Nopam, no spam.
Nopam, stop the spams with no pain :-)
Overflowing spams bring lots of pains, email users sometimes suffer headaches for checking mailbox stuffed with spams, if they adopted spam filter, they would probably be heartbroken when normal mails be mis-deleted.
Meanwhile, corporate users waste lots of time and energy in finding the right solution, however, most of the detection softwares are expensive and defective, which is distressing as well.
Currently available techniques of antispam filter includes: blacklist, whitelist, rule based, and content filtration of Bayesian Filter.The majority of antispam filter combines these techniques, and Bayesian filter is the most important one of them.
The basic principles of content filtration in Bayesian Filter are; suppose we can divide the normal and junk emails into two groups, Bayesian filter uses statistic approach to learn probabilities for words, phrases and other characteristics that distinguish spam. The features of these keywords group then could be used to examine spam tendency of a new email.
However, there are still defects among these content filtration techniques. For example, it is not easy to establish an email sample big and precise enough, not to mention the high risk of prejudgment. Suppose there are lots of subjects listed "Very Important" in spams, which might not appear in the normal sample, the trained content filter could possibly mis-delete an email titled as "Very Important", and it could cause great damage. Please note, these are real cases.
Likewise, we found that many occurred misjudgment in the content filter in either electronic newspaper of shopping containing spam features or innocent emails are due to its spam content that happen to contain sensitive contents related to sex or drug therapies. There is always a complicate setting in the installation of anti-spam systems, for example, having to define the whitelist, blacklist, or threshold. One thing that causes headaches and troubles to the users is that anti-spam filter also requires feedback reports to train the system, like asking users to decide a detection intensity of light, magnetic or forced, etc., or asking administrators to set standard-line up to delete spams. Doesn't this mean users have to suffer an indecision between cleanness of mailbox and mis-deleted intensity of normal mail?
Design Principles
1.Deliver a high enough level of spam detection rate, keep the mis-deletion rate as low as possible, and pay less for the mistake.

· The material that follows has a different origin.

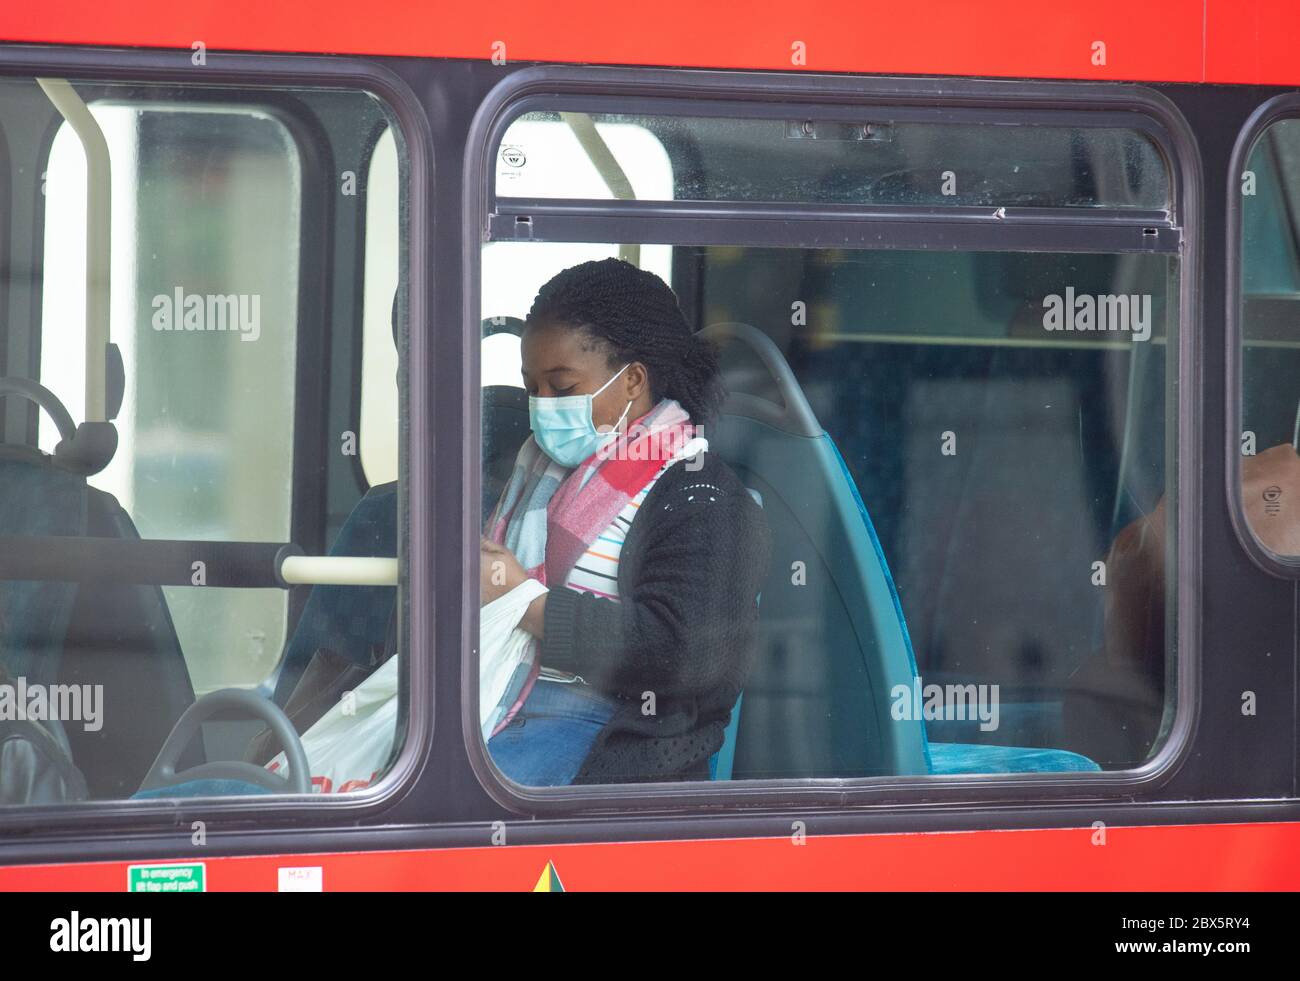 Un passeggero che indossa una maschera protettiva su un autobus nel centro di Londra, dopo l'annuncio che indossare una copertura facciale sarà obbligatorio per i passeggeri sui trasporti pubblici in Inghilterra a partire da giugno 15. Foto Stock

2.System performance must be quick enough, invisibly executing, no effect on email sending or receiving, and no delaying.
3.System must offer extremely high stability and reliability, definitely no mistakes occurred during transfer, and guaranteed protection from mail lost.
4.The installation must be quite easy, no need of setting (eg. whitelist / blacklist)or training, performing automatically after installation.
5.To design a system for all districts and languages, we pondered over how to carry out a method that needs no training from normal/spam mail sample, nor going through painful learning experiences, that could be well adapted to all languages and districts. To meet this precondition, a technique that could dominate critical features of spam is essential. And those features shall be unrelated to mail content, language or district.
Through the ins and outs of occurrences, we comprehend that "The discrimination between spam and normal mail depends on the conduct instead of content."
Normally, spammers use all kind fake-simulated techniques to avoid blocking schemes. However, there is some certain similarities between different fake-simulated versions of one spam. That's to say, the manifestly and common features to distinguish spam from legitimate messages are fake-simulated, being sent abundantly, and with certain similarities, all these features show no concern with content, language or district.
Based on these features of spam and our expertises along with the achievements of network communication, search engine, similarity measure and agorithm design, we used similarity comparing and fake-simulated analysis technique in search engine to study the conduct of spams, then we developed a technique of relational closure analysis, to protect normal-mail from being mis-deleted, and keep the mis-deletion at the lowest rate.
Regarding the system application, besides the delicate design of algorithm and data structure, with our pursuit of high-speed performance, we use C language for programming, (please note: there are lots of anti-spam system programmed by high-end language like Perl) in our test reports of performance, nopam can handle more than 1 million emails in Intel Pentium 4 computers per day.
The independence and extension of nopam system
At the beginning of system design, we thought of two alternatives,
1) adopt Open Source like Postfix or Amavis as our communication system,
2) develop program modules by ourselves. After we considered the maximizing system performance and the extension of future system, we decided to develop all the program modules by ourselves, so that we could completely dominate the critical knowledge of every dimension.
On the future extension, QS could archive all email passing through, built-in database for the following advanced functions, such as long-term backup, searching, important archive protection, data-mining analysis or knowledge base management etc..
Looking forward, Nopam will not only release the pain(abolish the harmful) of users, it will bring users happiness in the email world (initiate the useful).